• **TASK GOAL**
Omit any picture, and return the remaining data exactly as written.

• **SOURCE DATA**
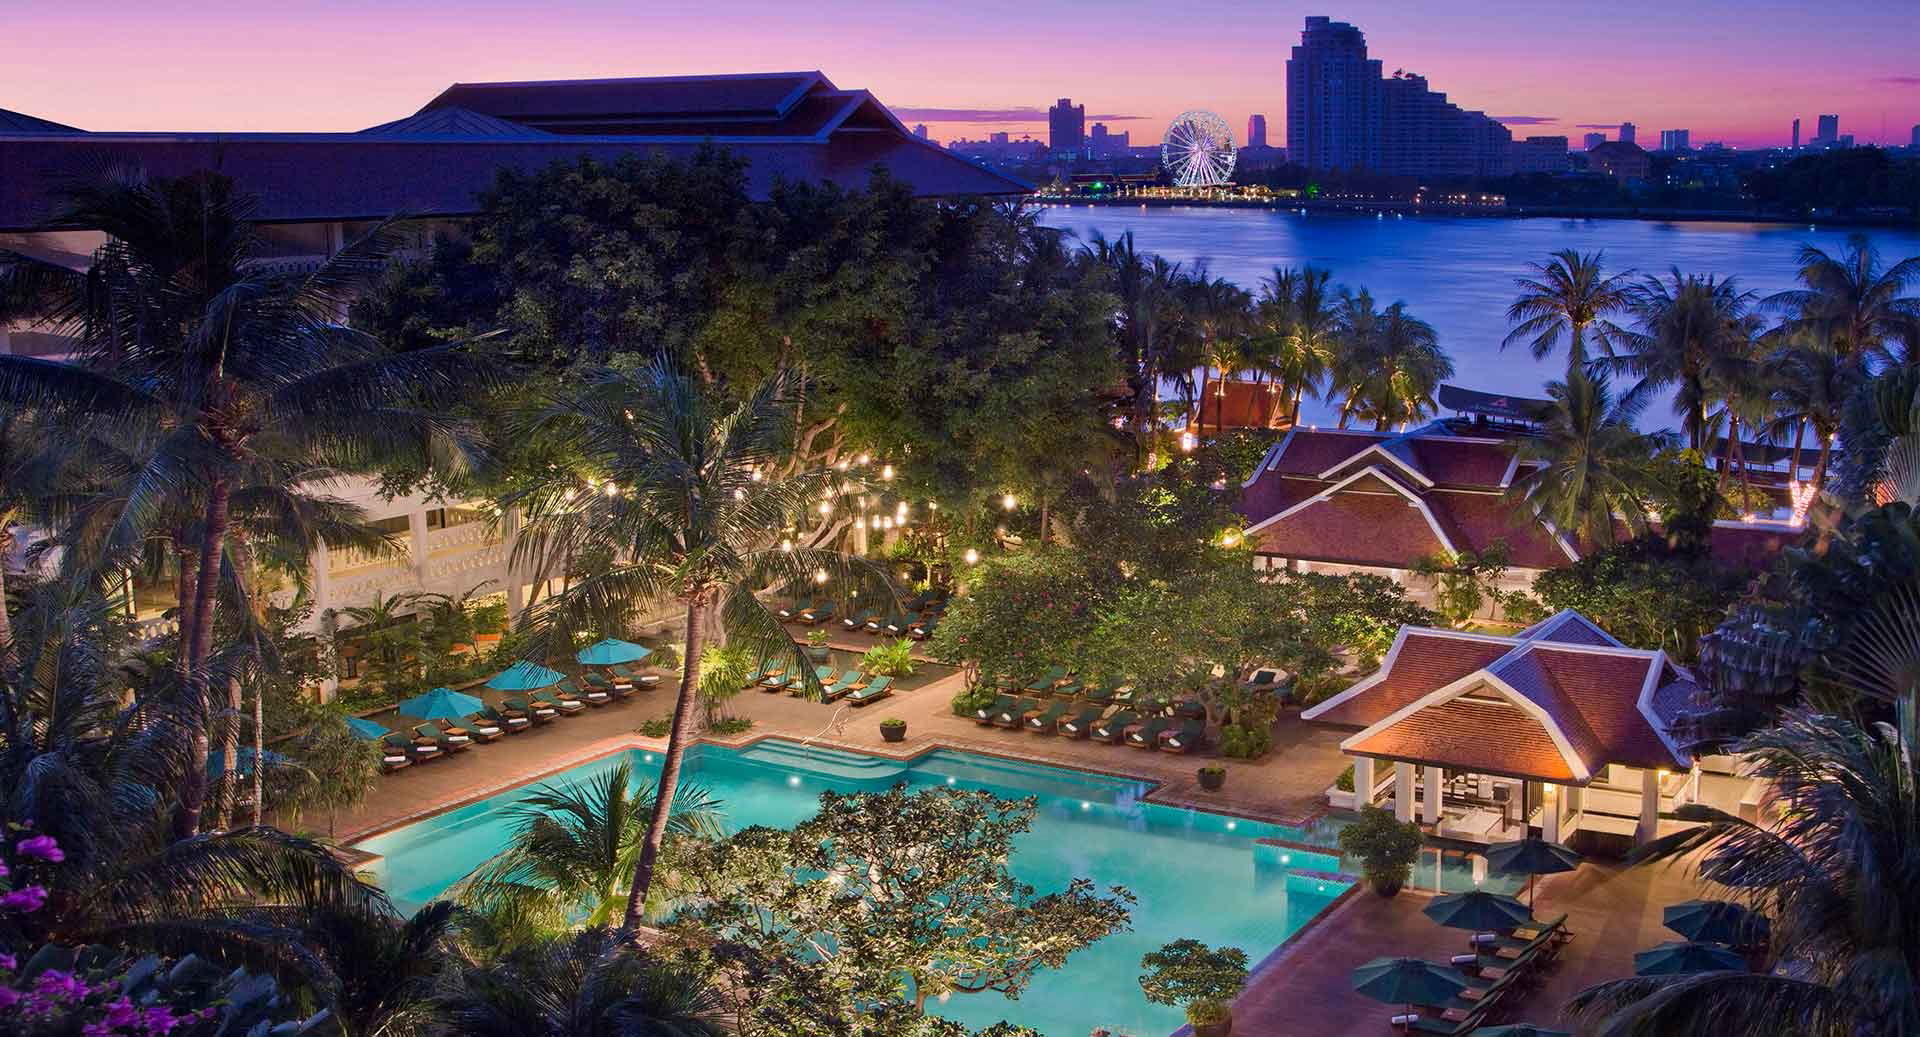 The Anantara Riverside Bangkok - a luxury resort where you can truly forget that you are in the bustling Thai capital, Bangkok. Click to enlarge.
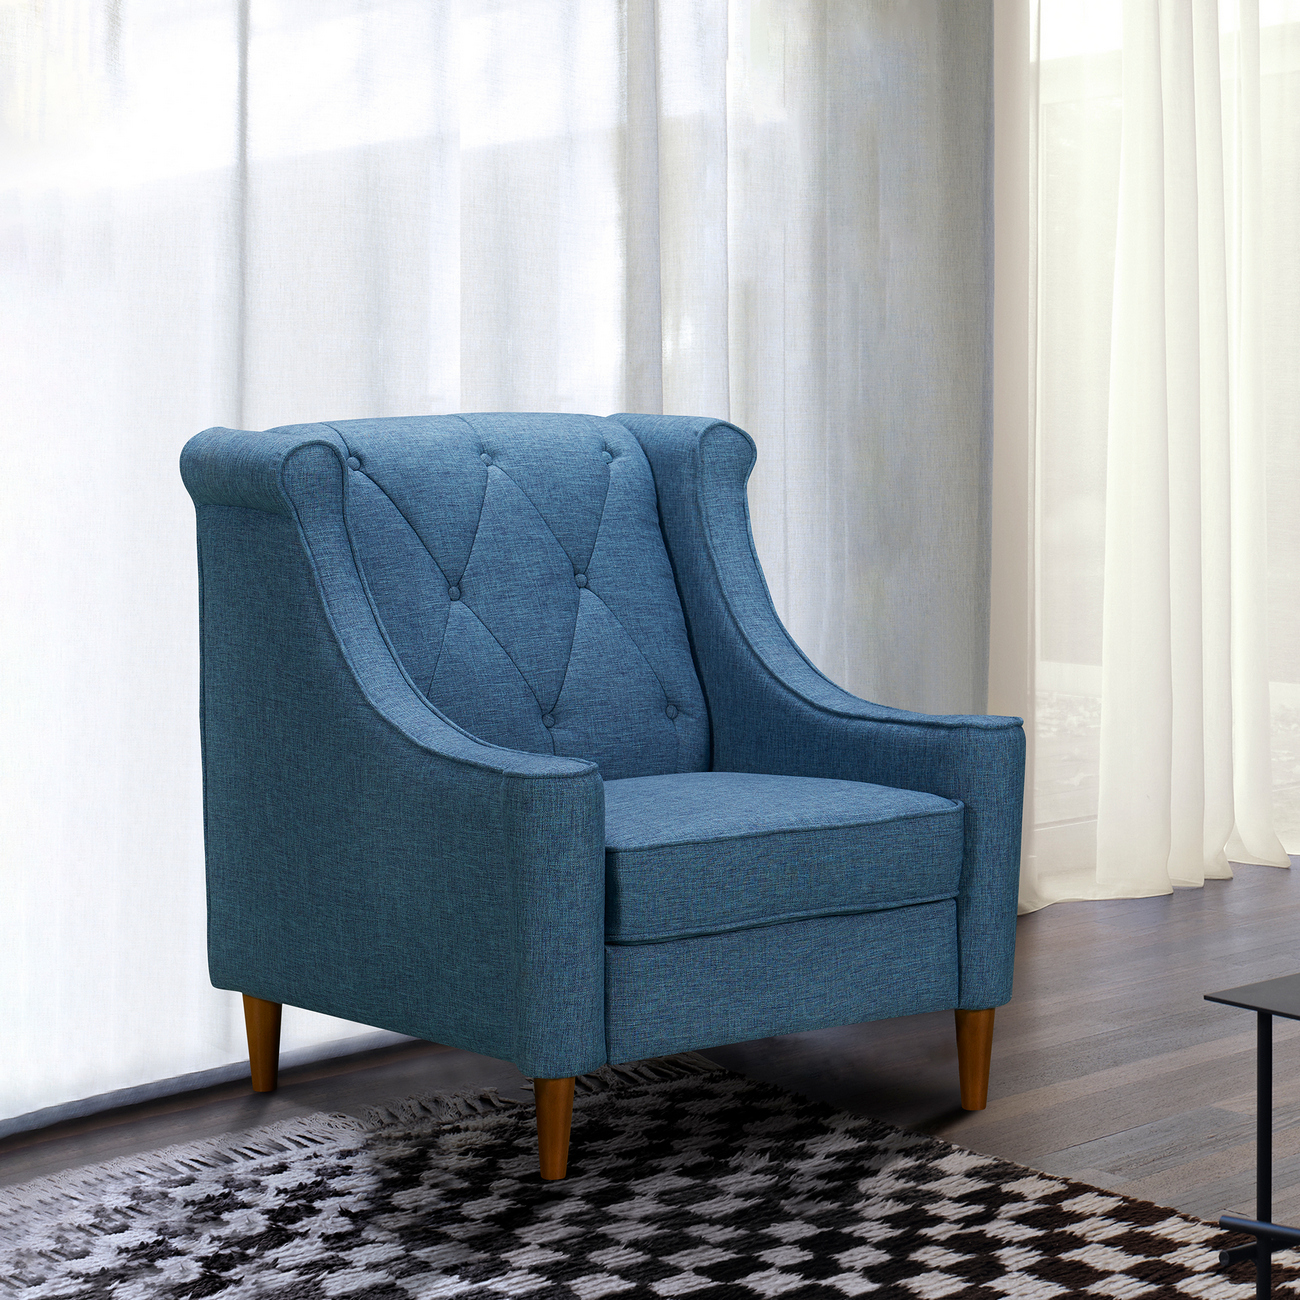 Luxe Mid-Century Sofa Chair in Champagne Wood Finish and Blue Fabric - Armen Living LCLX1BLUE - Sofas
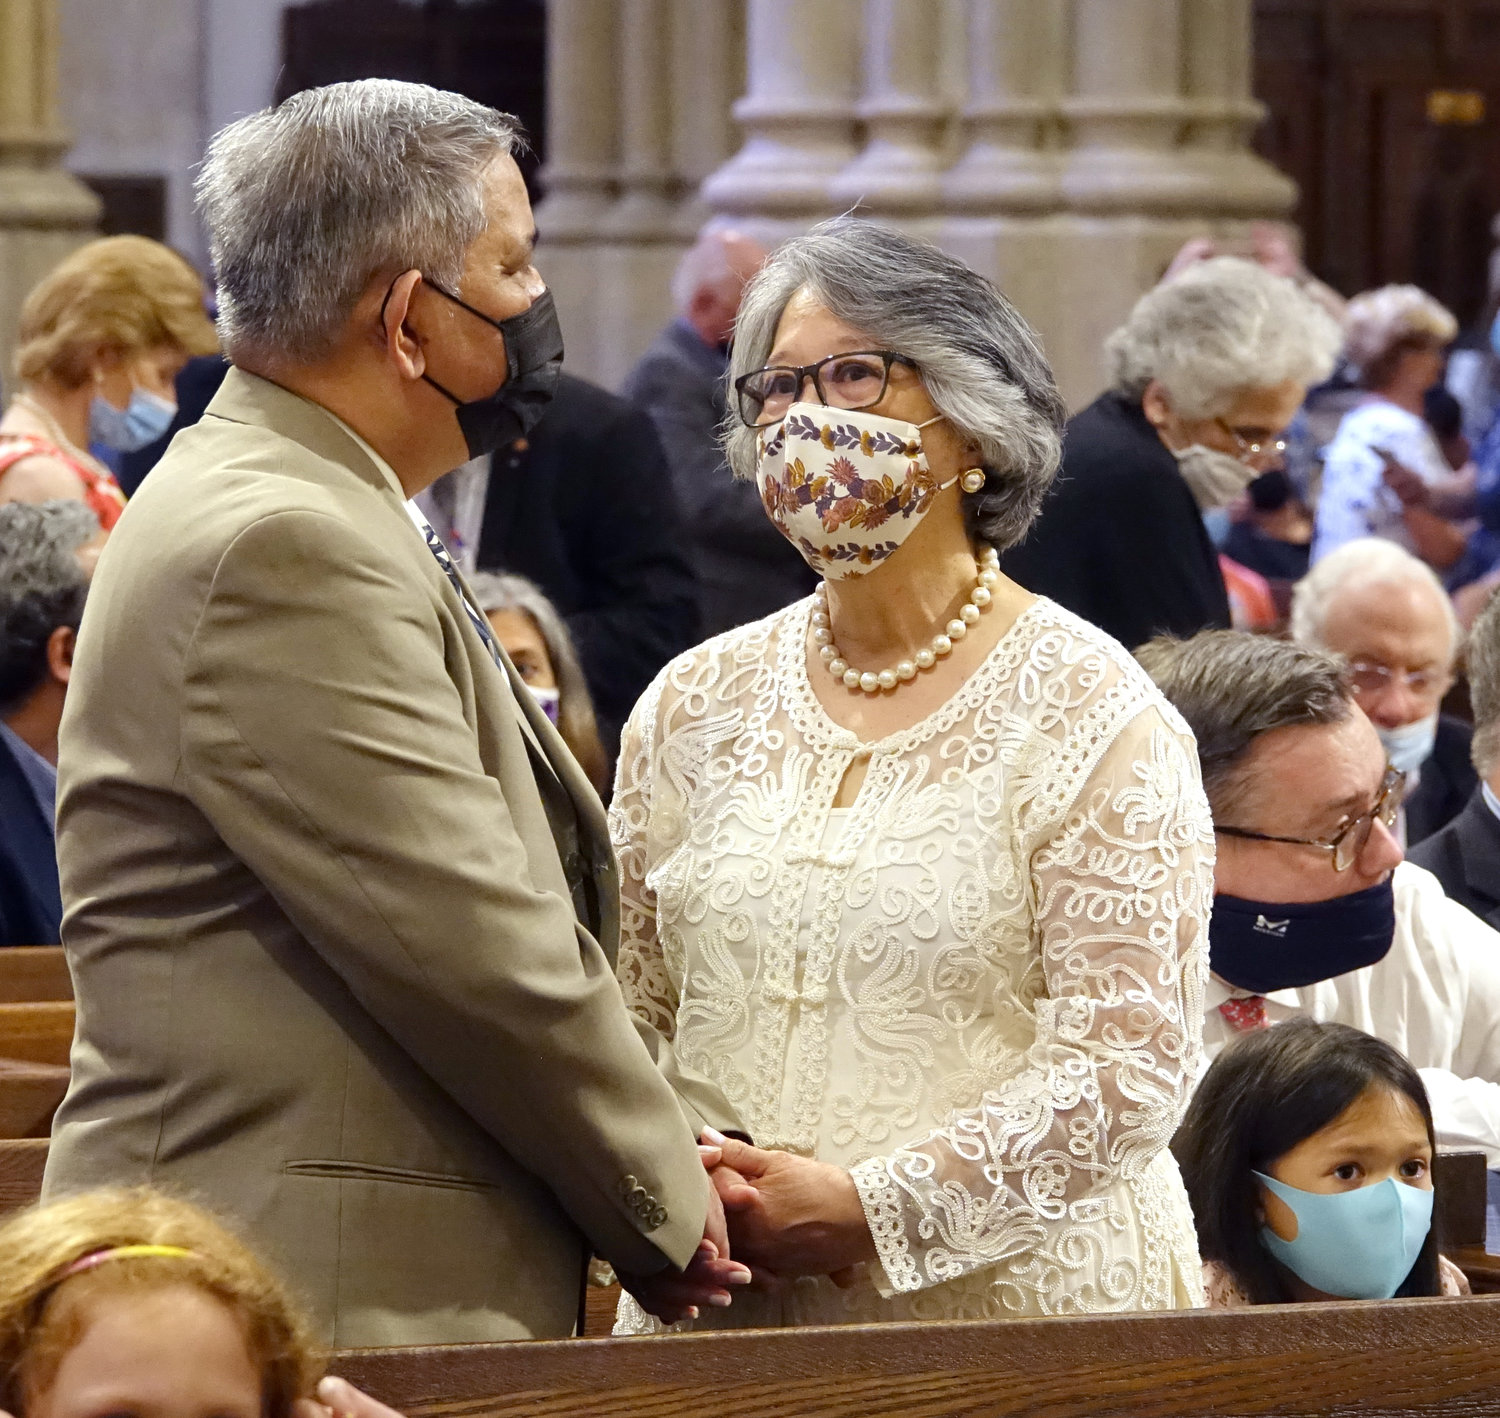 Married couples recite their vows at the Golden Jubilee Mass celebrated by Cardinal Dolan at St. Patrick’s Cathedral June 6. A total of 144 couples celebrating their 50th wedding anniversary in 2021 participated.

• **TASK RESPONSE**
 The Anantara Riverside Bangkok - a luxury resort where you can truly forget that you are in the bustling Thai capital, Bangkok. Click to enlarge.
 Luxe Mid-Century Sofa Chair in Champagne Wood Finish and Blue Fabric - Armen Living LCLX1BLUE - Sofas
 Married couples recite their vows at the Golden Jubilee Mass celebrated by Cardinal Dolan at St. Patrick’s Cathedral June 6. A total of 144 couples celebrating their 50th wedding anniversary in 2021 participated.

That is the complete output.